It was time to open up the channel even further. Soon after seeing that video, Crommett got in touch with three previous collaborators from his 2011 album In the Buffalo Surround, whose attitude and approach fit this new elemental vibe: bassist and local music mystic Ray Mason, drummer Jason Smith (Opal Canyon, Fancy Trash), and guitarist/producer Dave Chalfant (The Nields), who Crommett had recently been working with on projects of Chalfant's. Crommett later asked new friend Jeff Hobbs to add keyboards to the record.

As plans took shape, there was one word in the center of this ever-opening channel: Vision. Having spent the majority of his music-making as part of two collaborative bands (Spanish For Hitchhiking and Winterpills), it was time to make a record that fit Crommett's specific vision.

That vision? Serve the songs, keep it simple and classic, and leave perfectionism at the door. Crommett asked Chalfant (electric guitar) to not necessarily come up with riffs or parts per se; just find a good earthy sound like one might hear on Allison Krauss and Robert Plant's Raising Sand, or Bob Dylan's Time Out of Mind, and follow the chords, accenting where needed. For Western Massachusetts music icon Ray Mason (bass), it was an easy conversation: "Just do the Ray Mason thing," that being playing bass like one might hear on a Van Morrison or Rolling Stones record. Still, Crommett directed Mason to balance melodic parts with more straight ones, to create contrast. Similar was the conversation with Jason Smith (drums), whose drumming in both roots and alternative rock bands would suit these songs, as would his and Crommett's shared love of drummer Jay Bellerose. Crommett kept this vision in mind for himself when recording the vocals and acoustic guitars at home, keeping to just a few tracks of each, working to just serve the song with an expressive vocal performance.

These visions and conversations came together on "Hard Candy," which Crommett told the band should sound like "a midwestern landscape with a thunderstorm approaching." To accomplish that, Crommett asked Smith to play one drum part that kept the train-like beat, and a second, lower part, that would play the role of the thunderstorm. The mournful, poetic lyrics about a now-faded love affair wrought with deception float atop the desolate landscape: "I guess you were more pigeon than dove / More sugar, cream, more cheek than love." 
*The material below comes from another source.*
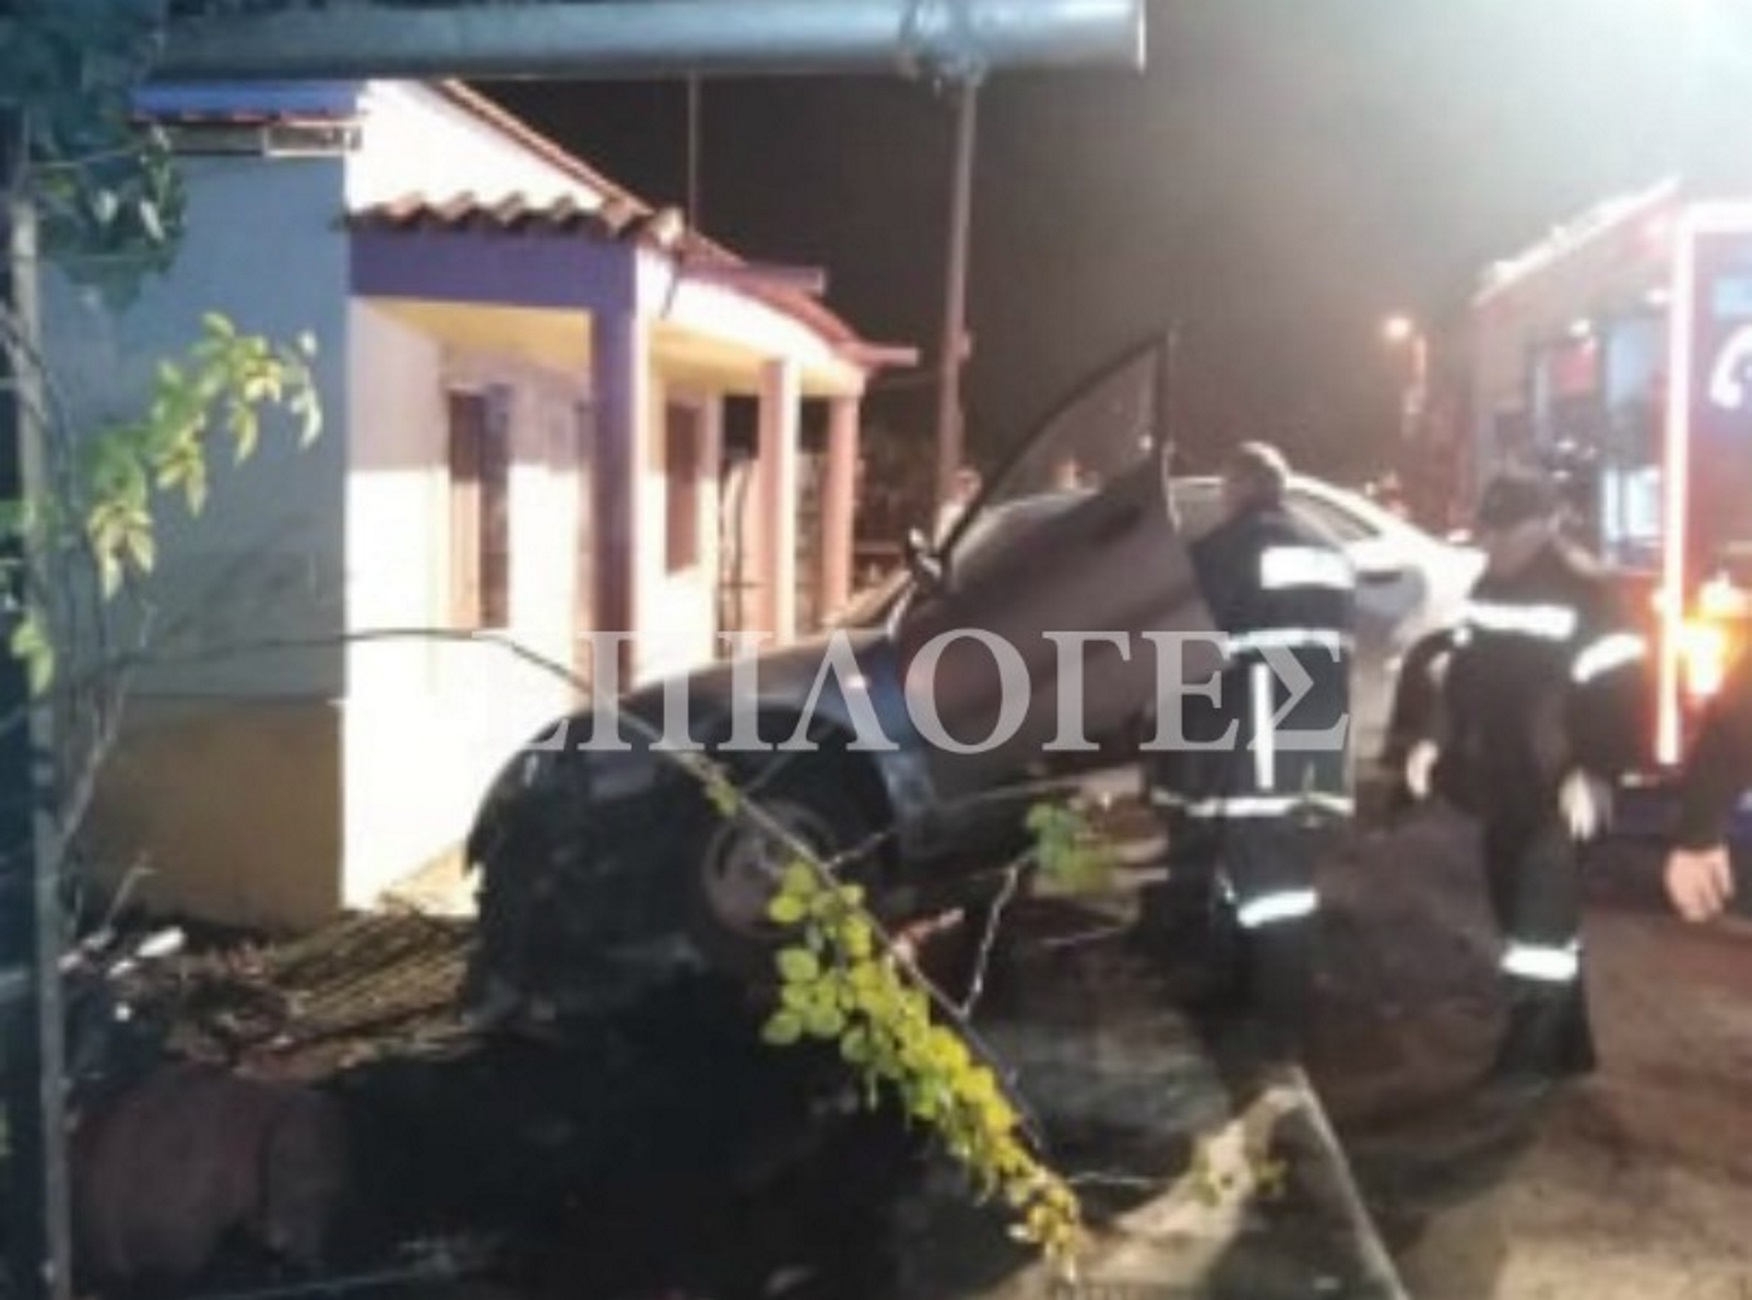 Σέρρες: Αυτοκίνητο παραλίγο να γκρεμίσει μονοκατοικία! Δύο τραυματίες και νέες εικόνες μετά το τροχαίο [video]
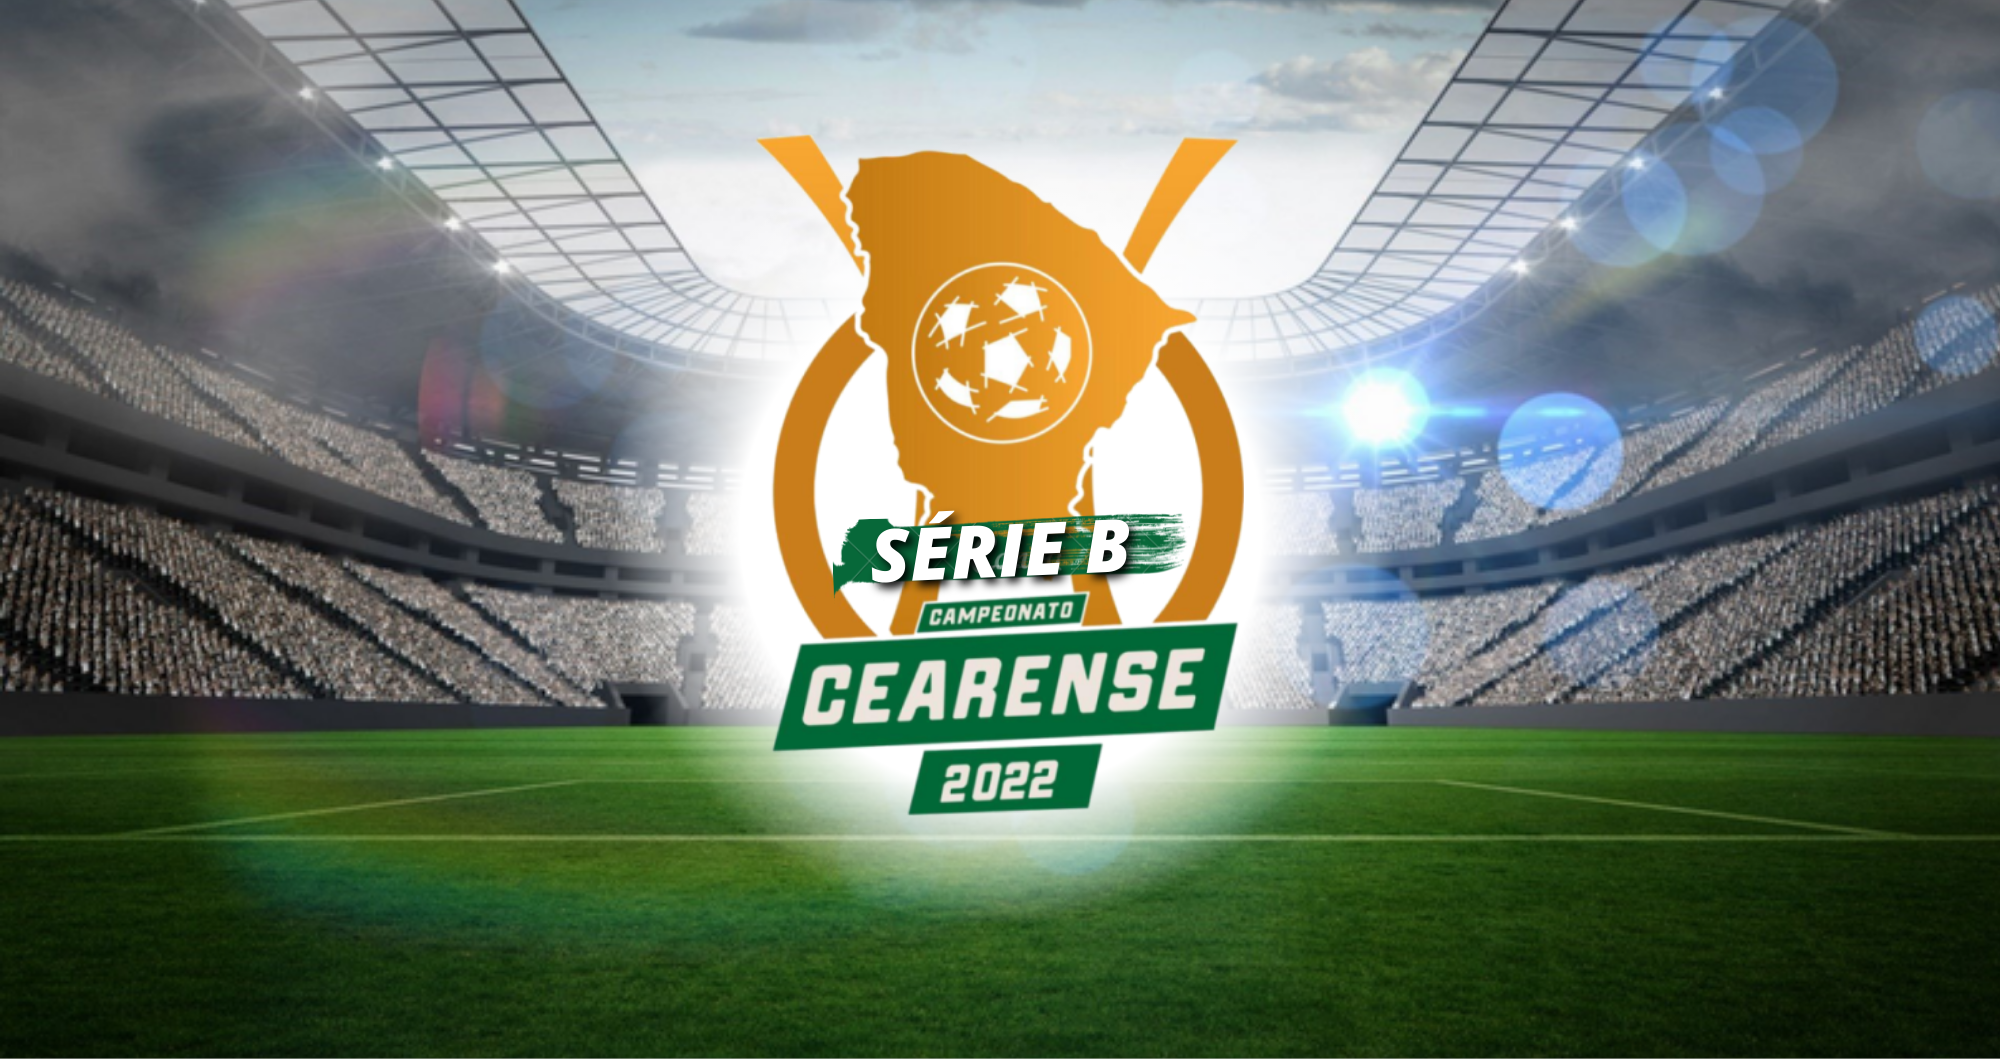 Série B do Cearense: veja tabela de 2022, cearense série b

On "Easy to Run," Crommett asked the band to lean into what Smith later described as a "soft rhumba," conjuring the 60's sound of the Zombies, as well as a nod to Latin rhythms. Again reflecting on a relationship gone wrong, this time Crommett's protagonist found that it was he who had to go: "Remember asking 'Did we choose it right?' / In the car, by the porch light / I said goodbye without a kiss goodnight, you made it easy to run."

And for title track "Get Gone," we see the fruits of the freewrites, bringing imagery of cars into several vignettes of loss; from a line of police cars on their way to bury a fellow officer, to memories of high school summer romance, now long in the rearview: "She's faded like the paint on the hood of her car / Nights in July, out in the field, we would get gone / I never told her how bright the stars seemed." For the band, this was to be a "driving" song in the verses, blasting down the highway; but then in the chorus, opening up sonically to the more personal plea for his love to come back.

Now, in April 2023, Crommett is pleased to present the results of opening the channel, seeking the elemental, and holding fast to a vision: Get Gone, a new 10-song album by Dennis Crommett.